Guide

LLM multi-agent debate explained

Harbor Analytics' overnight fraud cascade flagged a merchant for “likely synthetic identity” with 0.91 confidence. A single GPT-4-class reviewer read transaction graphs and KYC fields once, cited two weak signals, and recommended account freeze. Compliance reopened the case: the “synthetic” label came from a name transliteration mismatch, not fraud. The team replaced the one-shot reviewer with a multi-agent debate pipeline inspired by Du et al.’s 2023 work on improving factuality through adversarial discussion: a proponent argued fraud, a critic argued benign explanations, and a moderator scored which side cited verifiable evidence from the case file. After two rebuttal rounds, the moderator downgraded the case to manual review instead of auto-freeze. False-positive auto-actions on held-out fraud tickets dropped 34% while true-positive recall held within 1.2 percentage points.

Multi-agent debate is an inference-time pattern where multiple LLM agents take assigned roles, exchange arguments over several rounds, and either converge on an answer or defer to a judge model. Unlike parallel draft-and-merge approaches, debate forces explicit disagreement: each agent sees others' claims and must rebut or concede. This guide covers debate protocols (symmetric vs adversarial, round structure, stopping rules), moderator and judge design, pairing with tools and RAG, the Harbor Analytics refactor, a technique decision table vs mixture of agents and chain-of-verification, pitfalls, and a production checklist.

What multi-agent debate is

In a standard single-model call, one forward pass produces an answer. Errors that feel locally plausible rarely get challenged.
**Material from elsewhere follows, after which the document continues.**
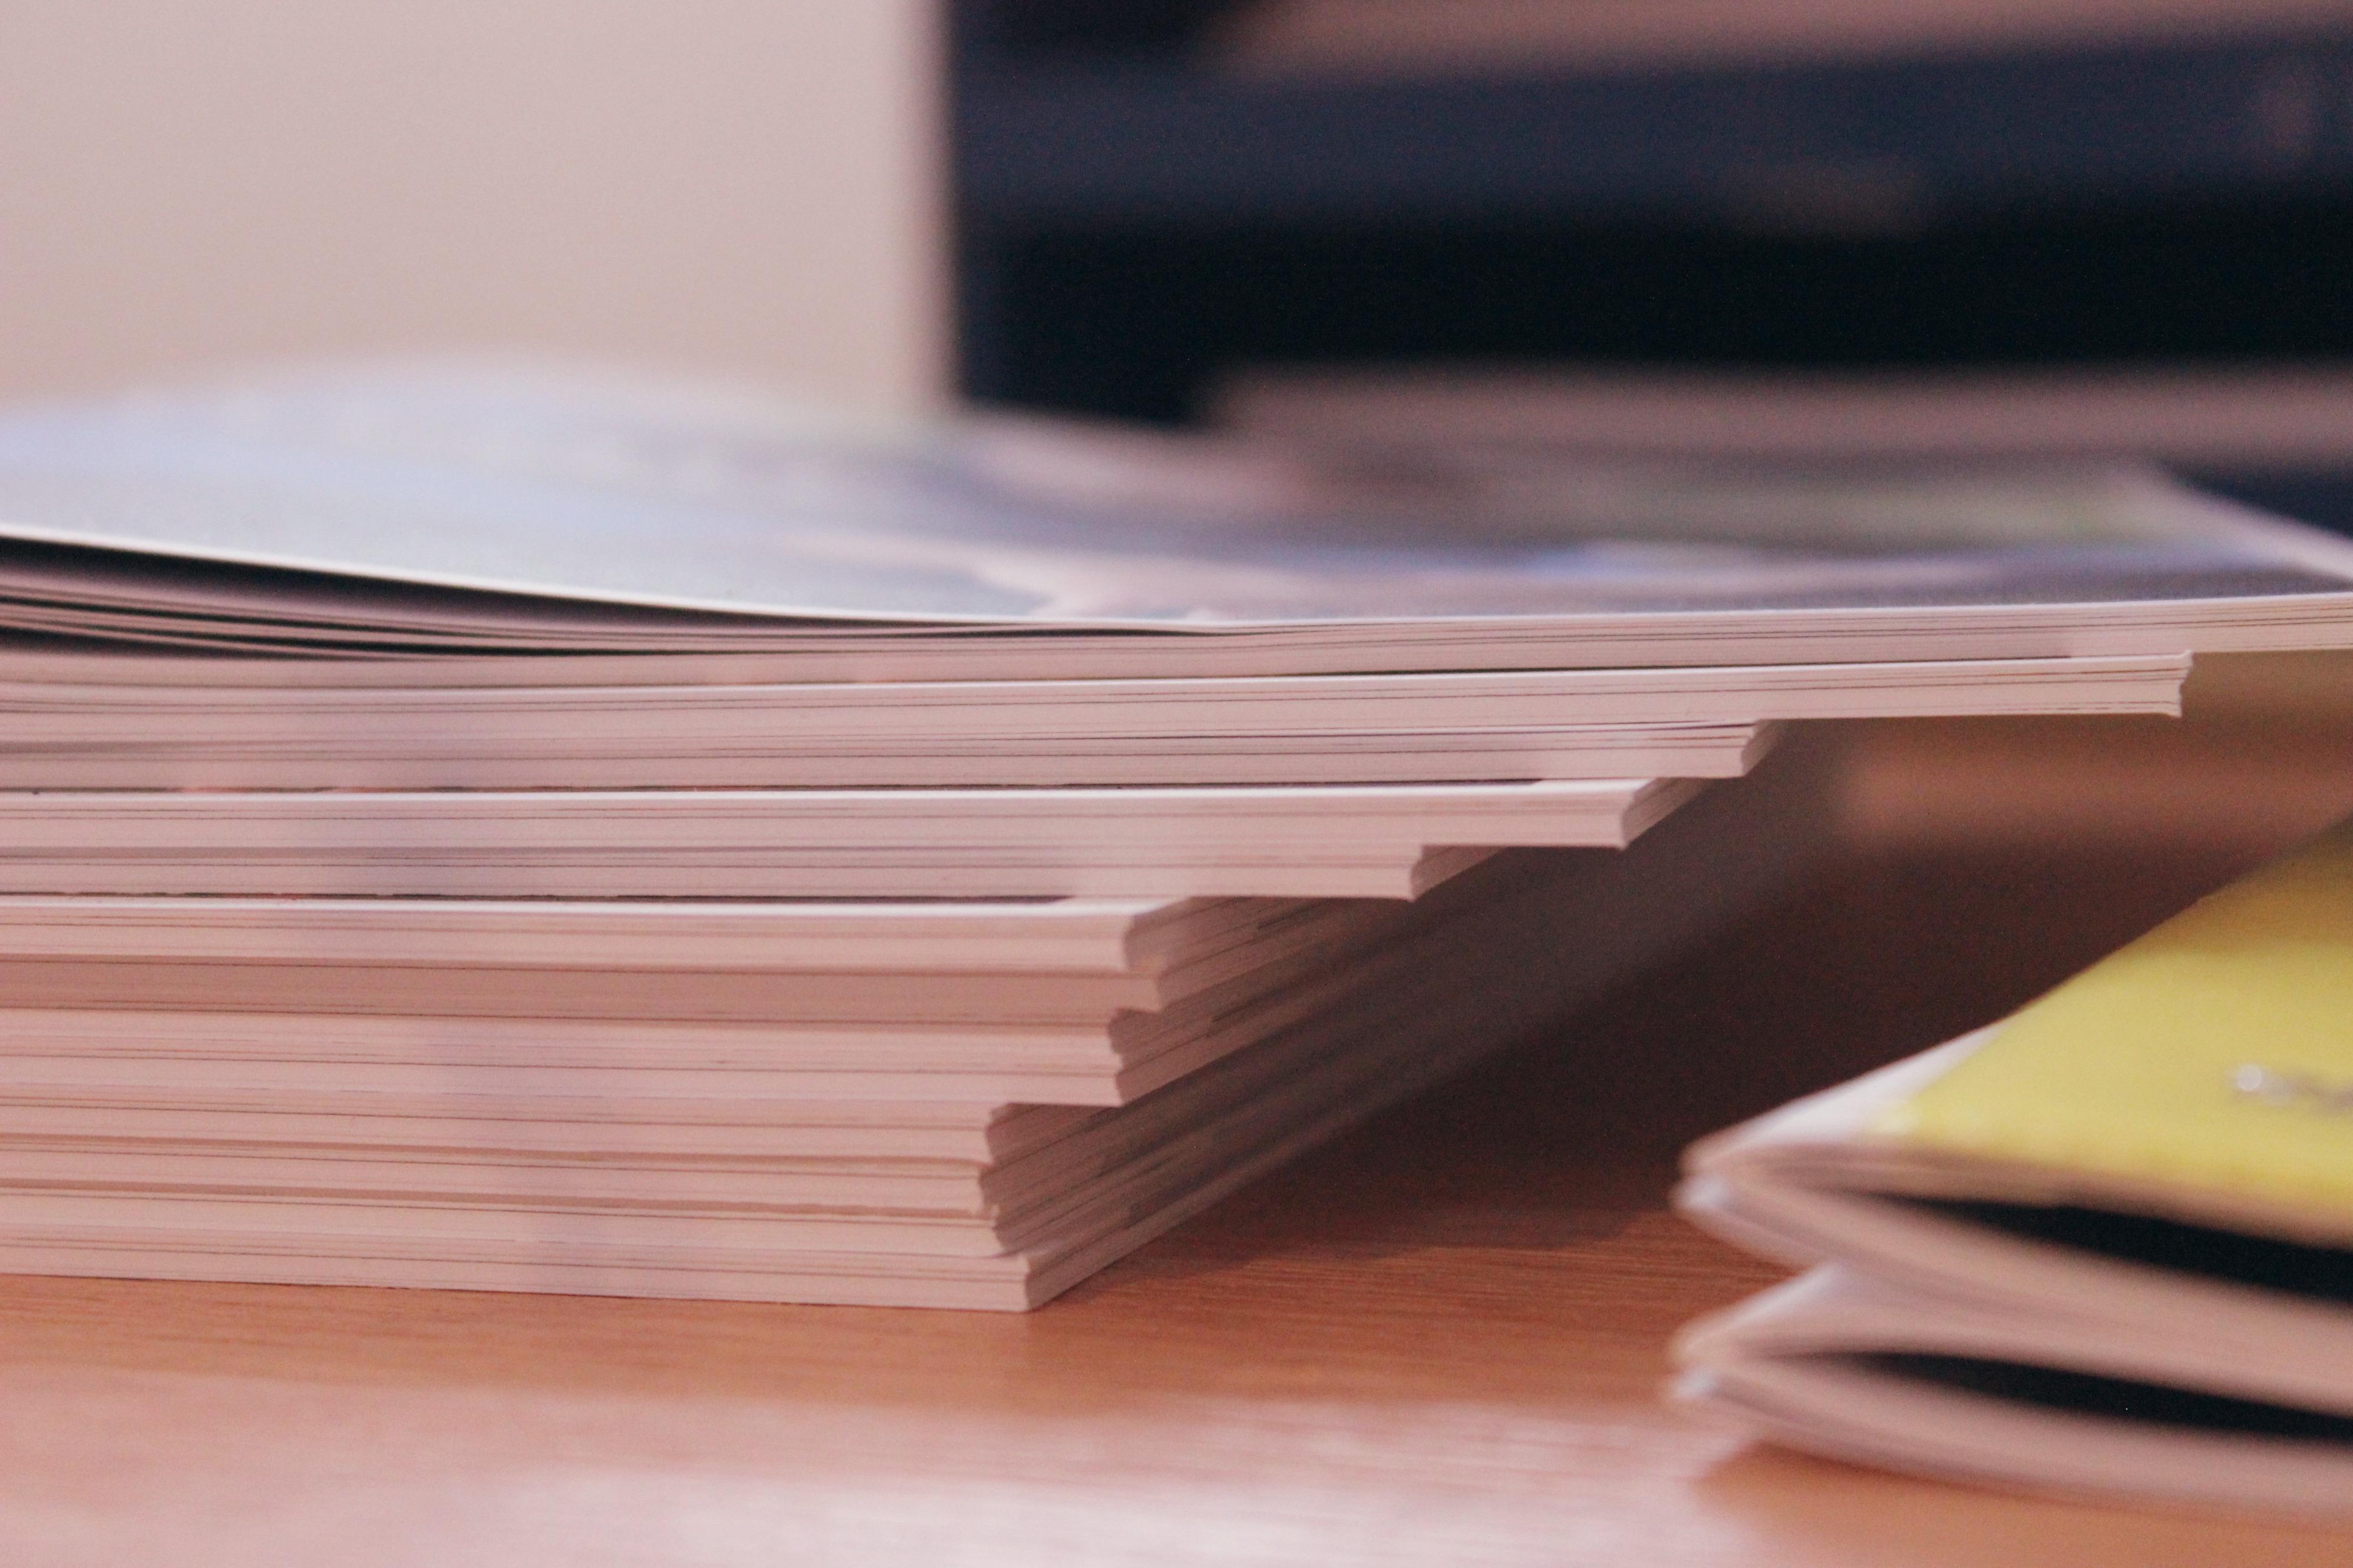 Broschürenstapel.jpg
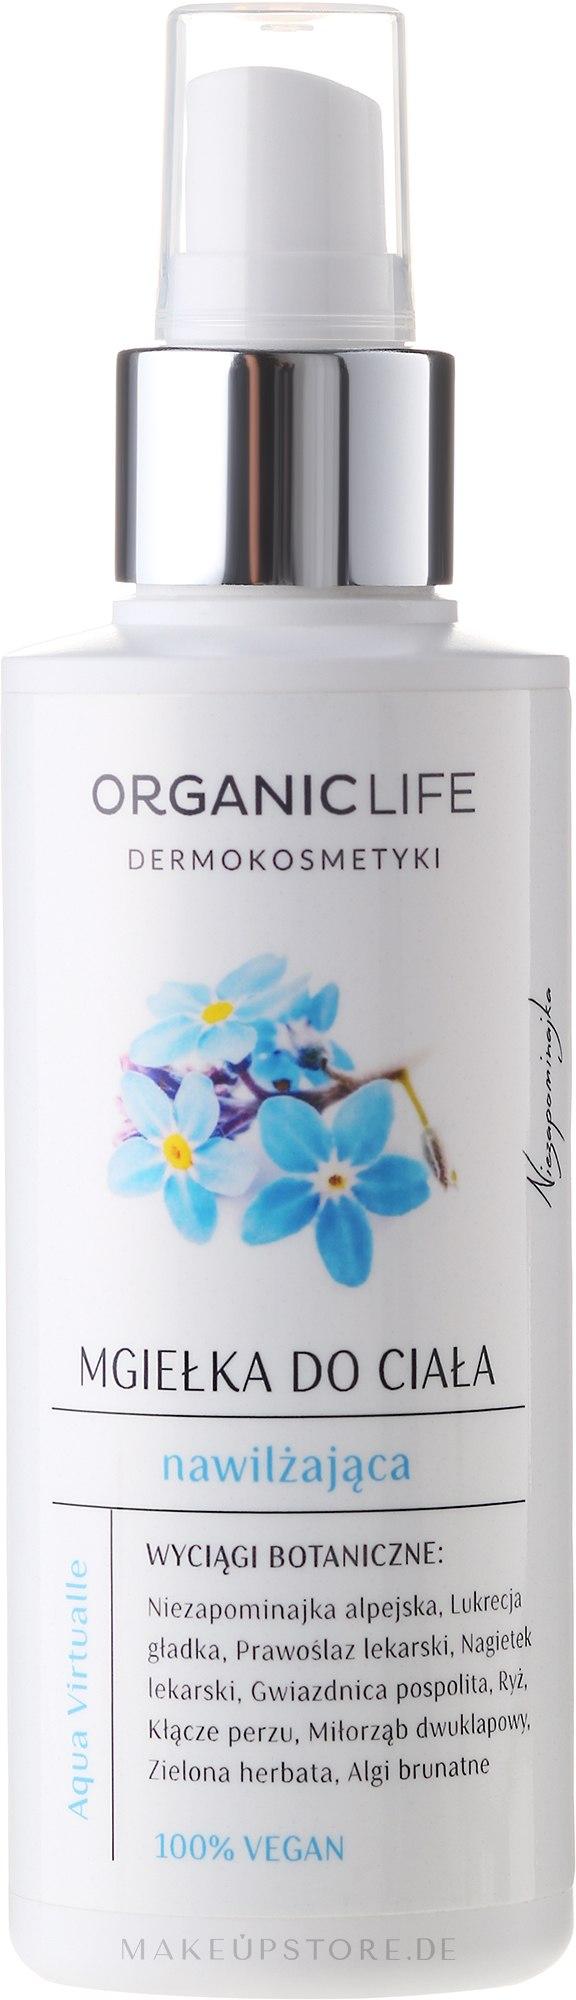 Feuchtigkeitsspendendes Körperspray mit Kräuterextrakten für trockene und empfindliche Haut - Organic Life Dermocosmetics Aqua Virtualle Body Mist — Bild 150 ml

Debate introduces social pressure in the transcript: agents must respond to counterarguments, which surfaces missing evidence and arithmetic mistakes that a lone model skips.

A minimal debate loop has three phases per round:

Opening statements — each agent states its position and supporting evidence (from prompt context, retrieved documents, or tool outputs).
Rebuttals — agents read all prior statements and attack weak claims, cite contradictory facts, or concede points.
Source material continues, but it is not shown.